Fried’s campaign has previously denied Power’s claims and explained that the change was due to a “misclassification” that led her to fail to provide information on other assets additional to her net income. Fried said she only became aware of the problem in May 2021 after speaking with her accountant and decided to change it.

Drew Godinich, Fried’s campaign press secretary, called the decision “politically motivated and unfounded” and said the ethics committee should denounce the complaint, which he called a “sham”.

“Commissioner Fried is under attack for obeying the law and showing transparency, the exact opposite of what Republican Ron DeSantis and his cronies do every day,” Godinich said in a statement, calling Power “responsible for the Party. disgraced republican ”who filed a“ false and fraudulent ethics complaint.

The amended disclosure forms aren’t the only issues surrounding Fried’s finances since she launched her gubernatorial campaign this summer. She also filed a disclosure form two months after the July 1 deadline, a day before Florida law imposed a fine of $ 25 per day for failing to meet the deadline. The form showed that her net worth was approaching $ 1 million and that she had a significant stake in a large marijuana company.

Her campaign said she would sell her stake in the company if she was elected governor.

Meanwhile, DeSantis press secretary Christina Pushaw said she had not reviewed the complaint or supporting documents related to Fried’s ethics complaint and would not “speculate on the outcome. Complaints”.

However, she offered four paragraphs as “background” and in those paragraphs she detailed what Fried said as income in the financial disclosure forms and noted how these reports “generally generated critical media coverage and raised questions. from Fried’s opponents ”.

“And these facts are not in dispute,” said Pushaw. “It is therefore surprising that Fried spokesman Drew Godinich issued a statement dismissing the ethics complaint as ‘false information’, ‘politically inspired’ and a ‘nuisance’ not warranting further investigation. thorough. He did not specify what exactly is “wrong”.

When asked why the governor’s office was quick to respond to Fried’s case but remained silent on an ethics case involving a non-party candidate accused of breaking campaign finance laws in Aiming to sway a Miami election in favor of a Republican candidate, Pushaw said she was reacting to claims by Fried’s campaign spokesperson – not to the conclusions of her case.
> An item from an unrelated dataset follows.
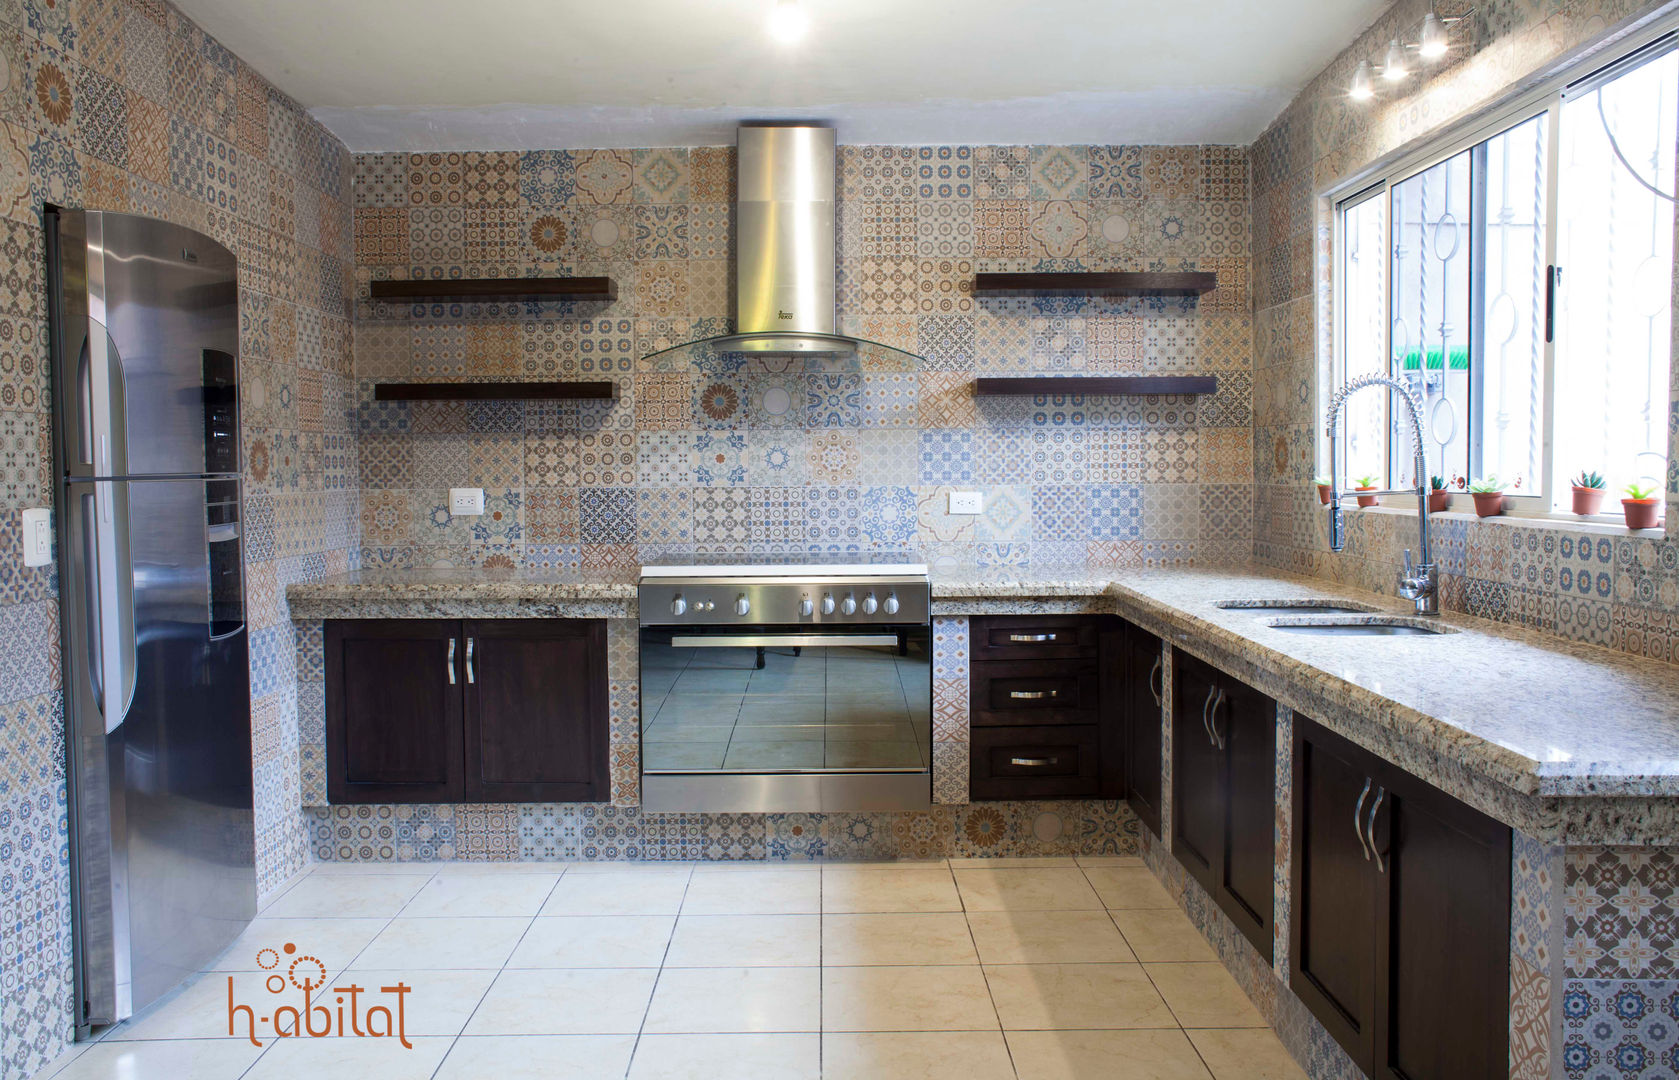 Cocina Moderna con azulejo Vintage, H-abitat Diseño & Interiores H-abitat Diseño & Interiores Dapur Gaya Eklektik Ubin
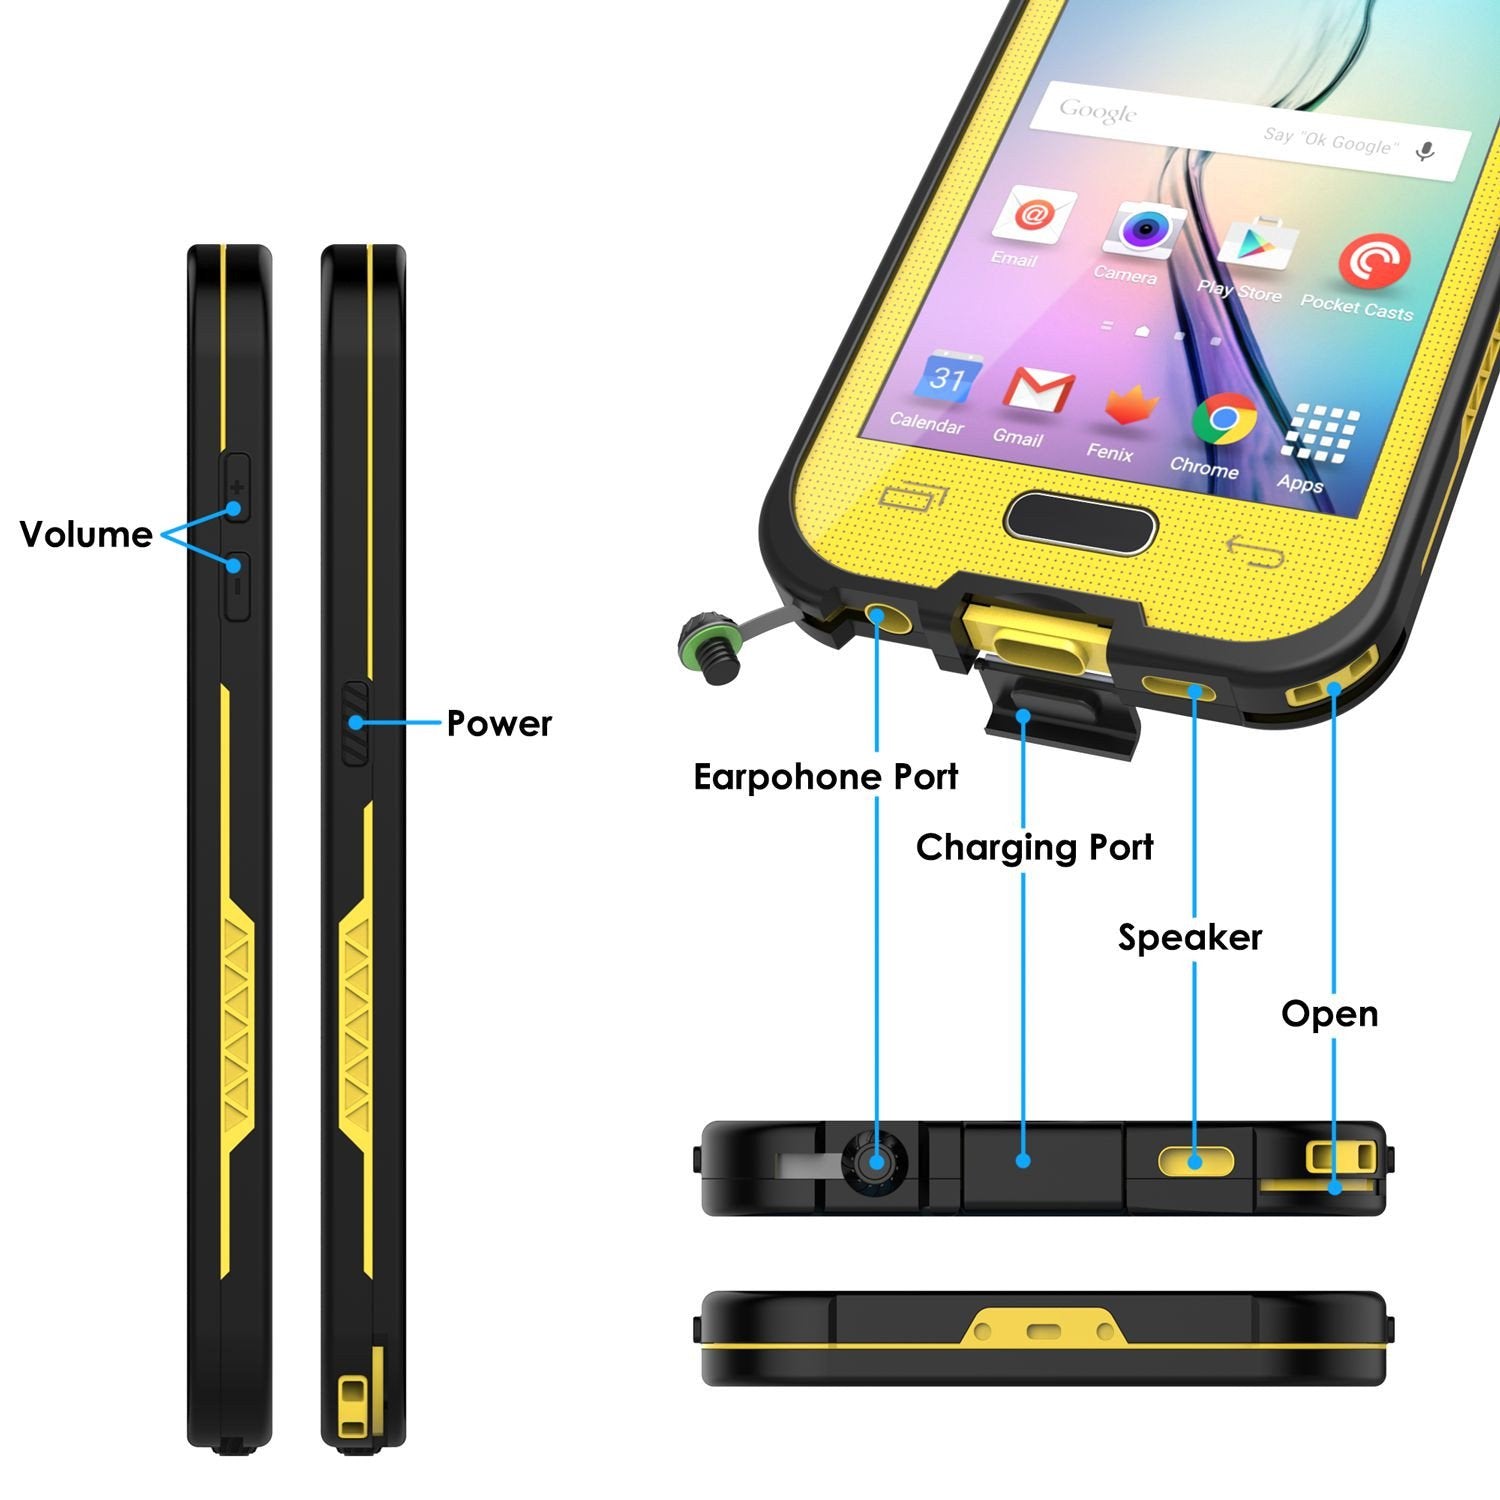 Galaxy S6 Waterproof Case Punkcase SpikeStar Yellow Water/Shock/Dirt/Snow Proof | Lifetime Warranty - PunkCase NZ

“I don’t believe our office reacted to the conclusion of either case,” Pushaw said. “My comment for you [Miami Herald] was a reaction to Fried’s spokesperson’s inflammatory and false statement in response to the discovery of a probable cause.

In October, DeSantis received a complaint from the Florida Ethics Commission recommending that he fined a Miami non-party candidate $ 20,000 and formally reprimand him for breaking campaign finance laws. including accepting money from a former Miami state senator and Republican agent, Frank Artiles. , before qualifying to compete in a 2020 State Senate race.

Rodriguez and Artiles face criminal charges in Miami in connection with the alleged electoral ploy. They were charged in March. DeSantis has yet to comment on the ethics or the criminal case, or the allegations.

Pushaw said last week that the non-party candidate’s ethics record was still pending review.

This story was originally published 8 December 2021 4:55 pm.

Bianca Padró Ocasio is a political writer for the Miami Herald. She has been a journalist in Florida for four years, covering everything from crime and the courts to hurricanes and politics.